- Born: c. 1955
- Education: Melbourne University New York University Stern School of Business
- Scientific career
- Fields: Computer Science

= Peter Weill =

Australian computer scientist

Peter Weill (born c. 1955) is an Australian computer scientist and organizational theorist, Professor of Information Systems Research at the MIT Sloan School of Management, and chairman of the MIT Center for Information Systems Research (CISR).

== Biography ==
After receiving his BE with honours from Melbourne University in 1978 and his MBA in 1984, Weill proceeded to study management information systems at the New York University Stern School of Business, where he received his M.Phil in 1987, and his PhD in 1988.

Weill started his academic career at the Melbourne University, where he was Professor of Management Information Systems and Director of its Centre for Management of Information Technology (CMIT) at the Melbourne Business School (MBS). In July 2000 he joined Sloan as Director of the MIT Center for Information Systems Research, where July 2008 he was succeeded by Jeanne W. Ross, and Weill became chairman of the CISR.
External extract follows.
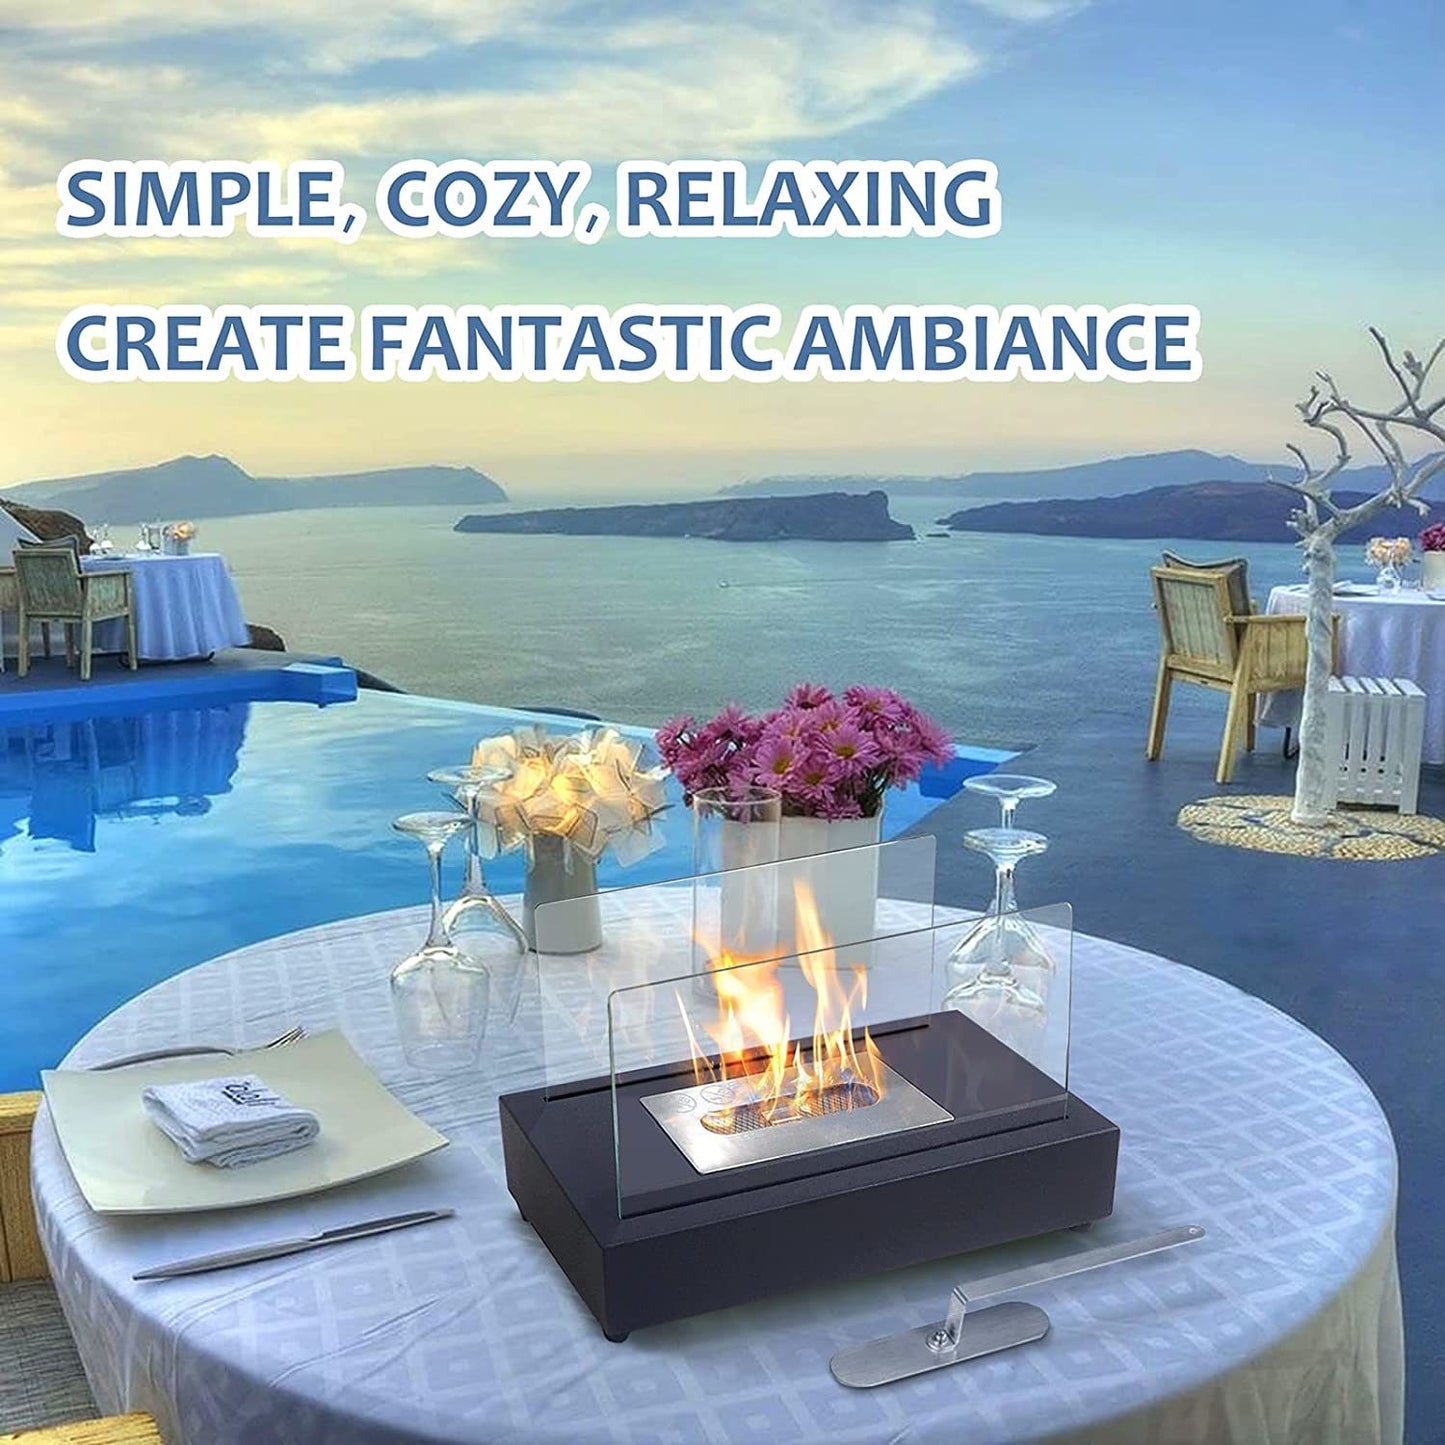 Upgrades Tabletop Rectangle Fire Pits; Portable Smokeless Bio Ethanol Fireplace with Realistic Burning; Awesome Gifts

Weill was awarded the Library Journal of America’s best business book of the year award for his 2001 Place to Space: Migrating to eBusiness Models. In 2007 Weill also received the MIT Sloan Outstanding Teacher Award. In 2008 he was recognized by Ziff Davis as one of the "Top 100 Most Influential People in IT" and the top academic in the field.

==Selected publications==
- Weill, Peter, and Michael R. Vitale. Place to space: Migrating to eBusiness Models. Harvard Business Press, 2001.
- Weill, Peter, and Jeanne W. Ross. IT governance: How top performers manage IT decision rights for superior results. Harvard Business Press, 2004.
- Ross, Jeanne W., Peter Weill, and David C. Robertson. Enterprise architecture as strategy: Creating a foundation for business execution. Harvard Business Press, 2006.

Articles, a selection:
- Weill, Peter. "The relationship between investment in information technology and firm performance: a study of the valve manufacturing sector." Information Systems Research 3.4 (1992): 307-333.
- Broadbent, Marianne, and Peter Weill. "Management by maxim: how business and IT managers can create IT infrastructures ." Sloan management review 38 (1997): 77-92.
- Broadbent, Marianne, Peter Weill, and Don St. Clair. "The implications of information technology infrastructure for business process redesign." MIS Quarterly (1999): 159-182.